## Dataset excerpt
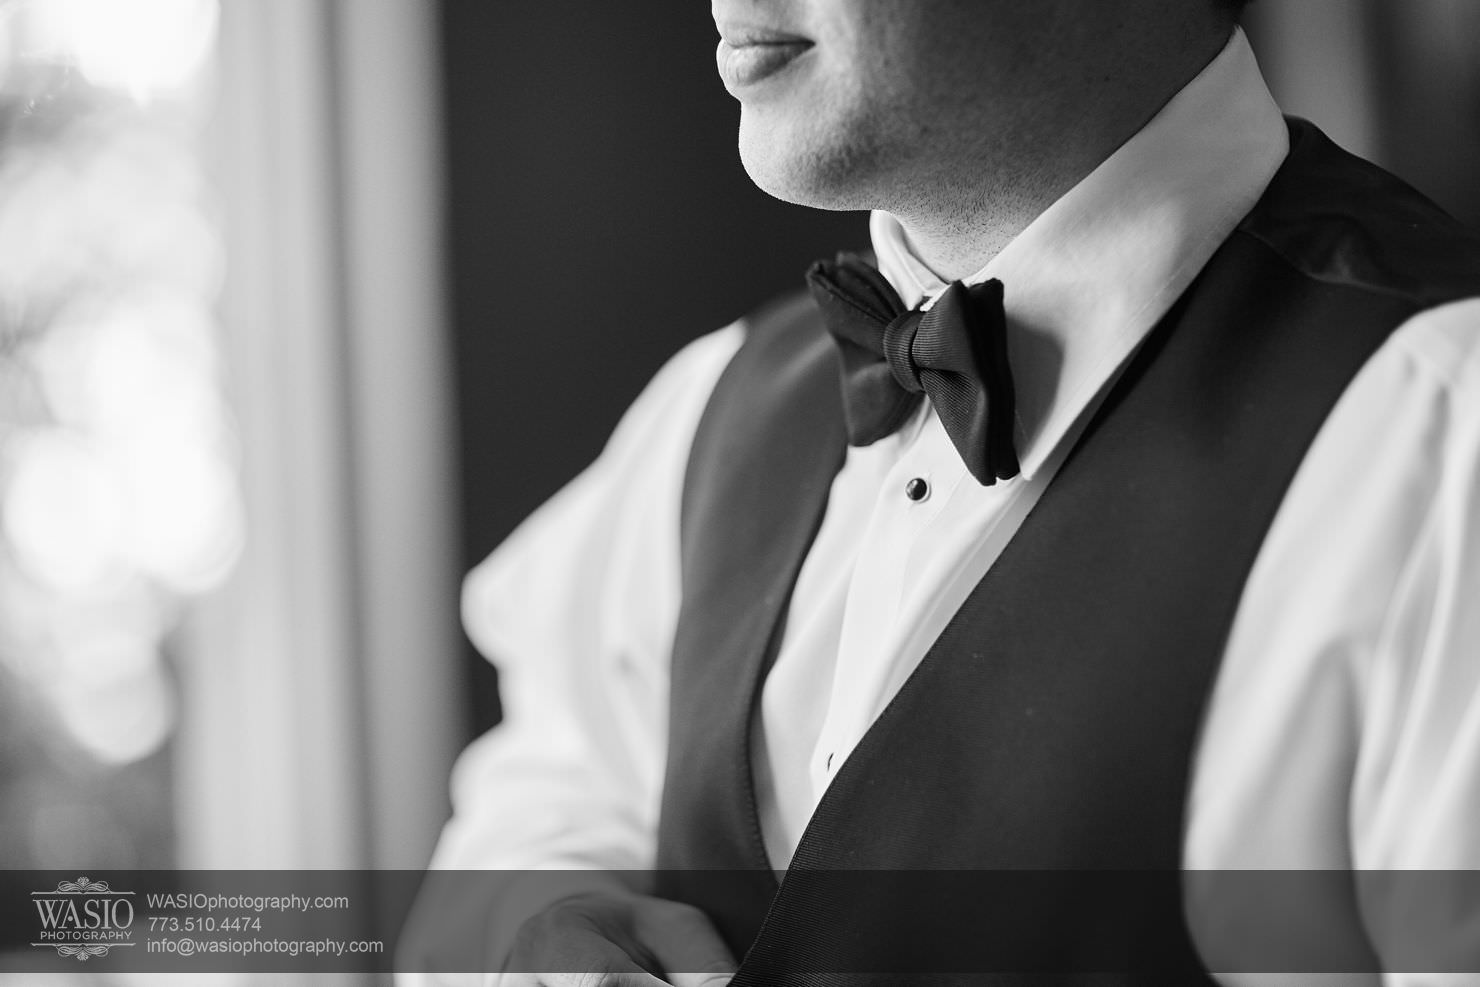 013_Chicago-Spring-Wedding_Chrissy-Andrew_3P4C4990 Chicago Spring Wedding - Chrissy + Andrew
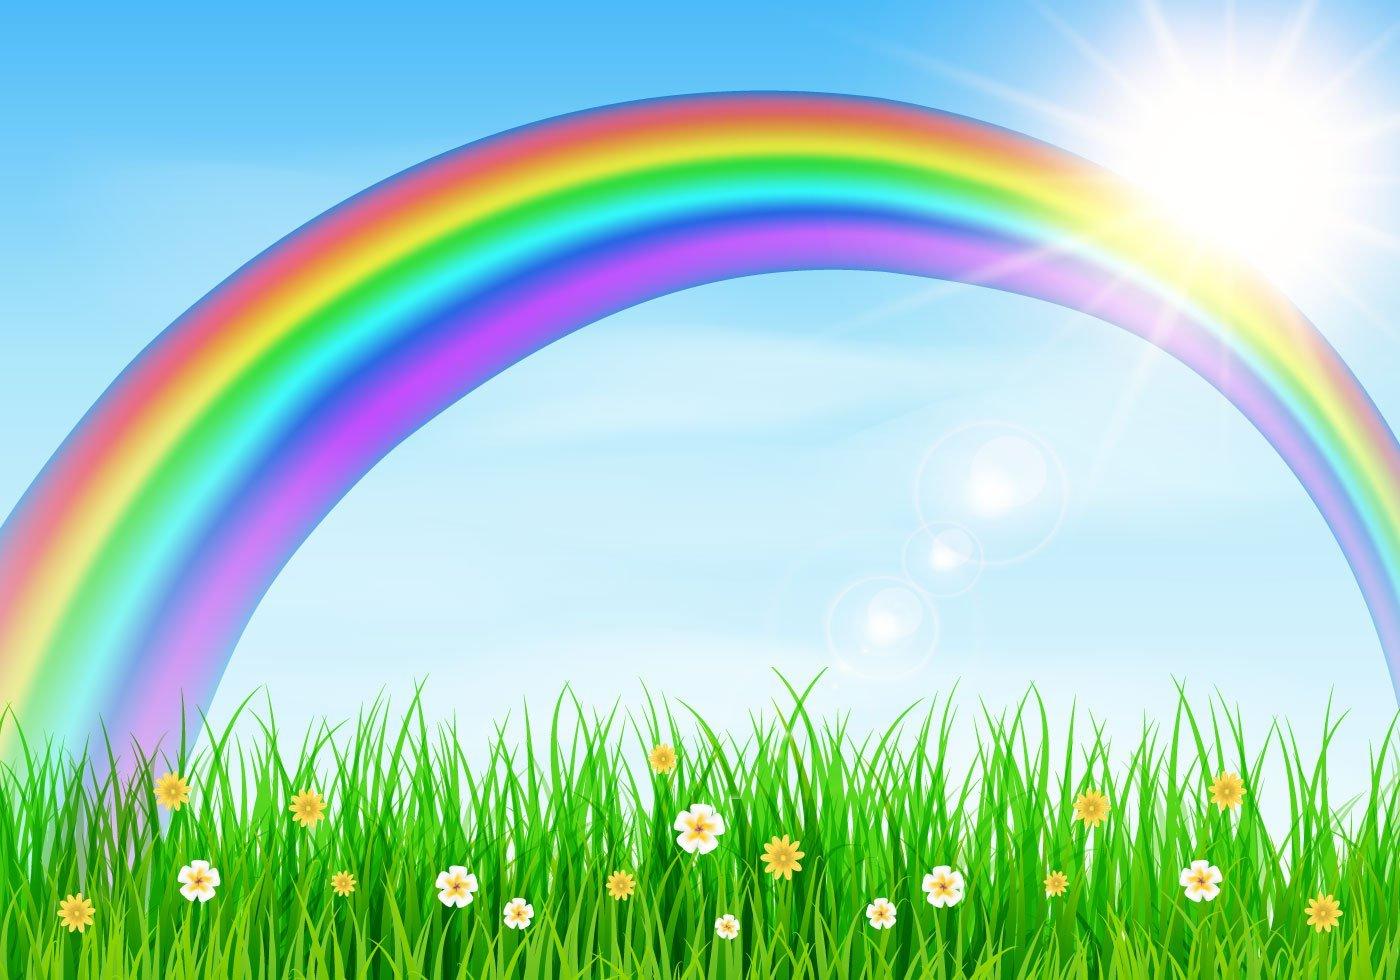 Rainbow background clipart 8 » Clipart Portal.
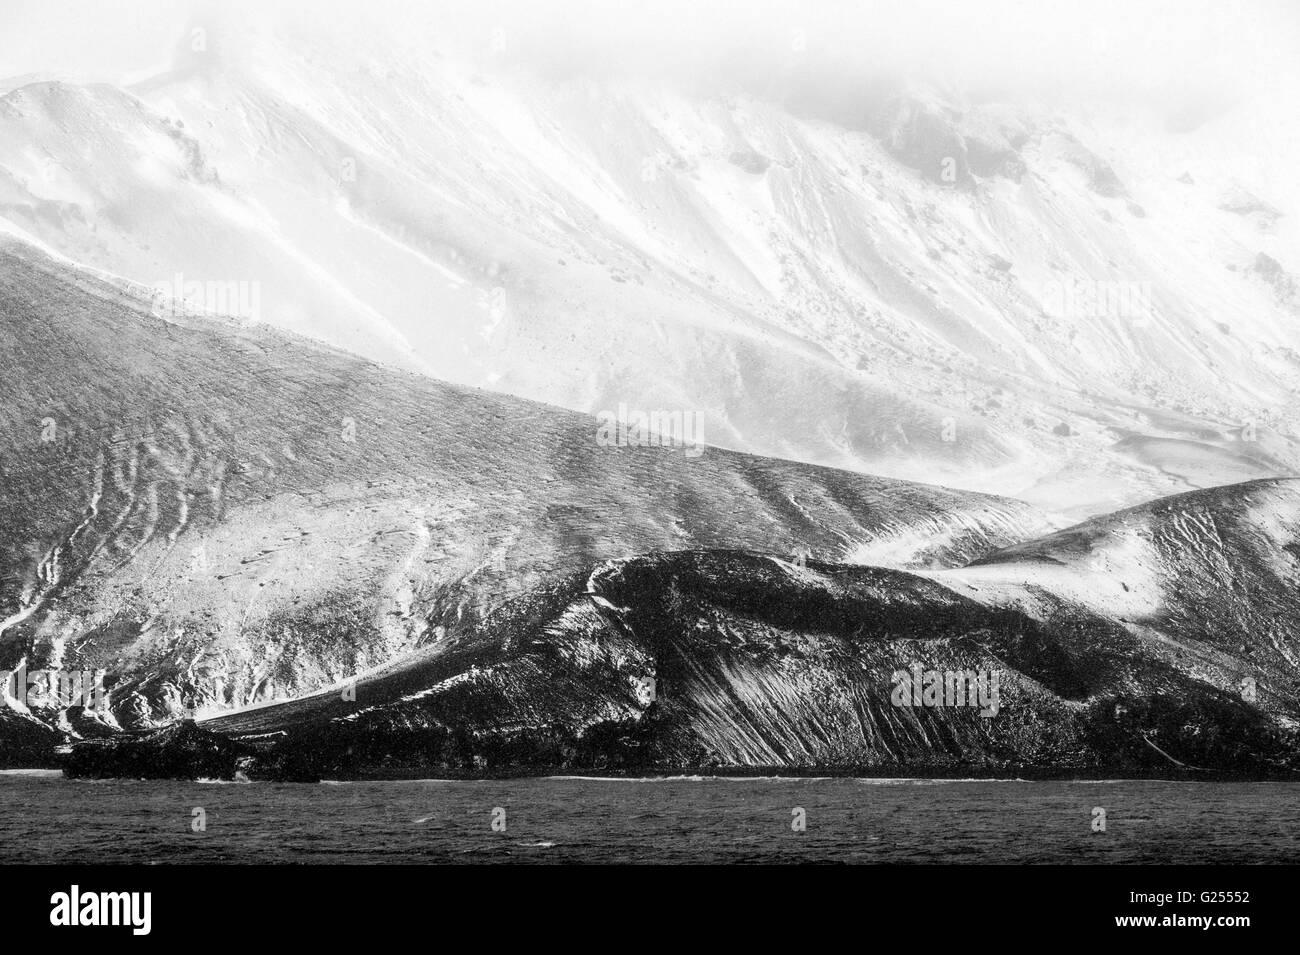 Mountains inside the caldera Deception Island, South Shetland Islands, Antarctica - Stock Image

## Task prompt
Ignoring the pictures, write out word for word only the lines from the one containing "Rainbow background clipart" through the last line of the data, both ends included.

## Output of the exercise
 Rainbow background clipart 8 » Clipart Portal.
 Mountains inside the caldera Deception Island, South Shetland Islands, Antarctica - Stock Image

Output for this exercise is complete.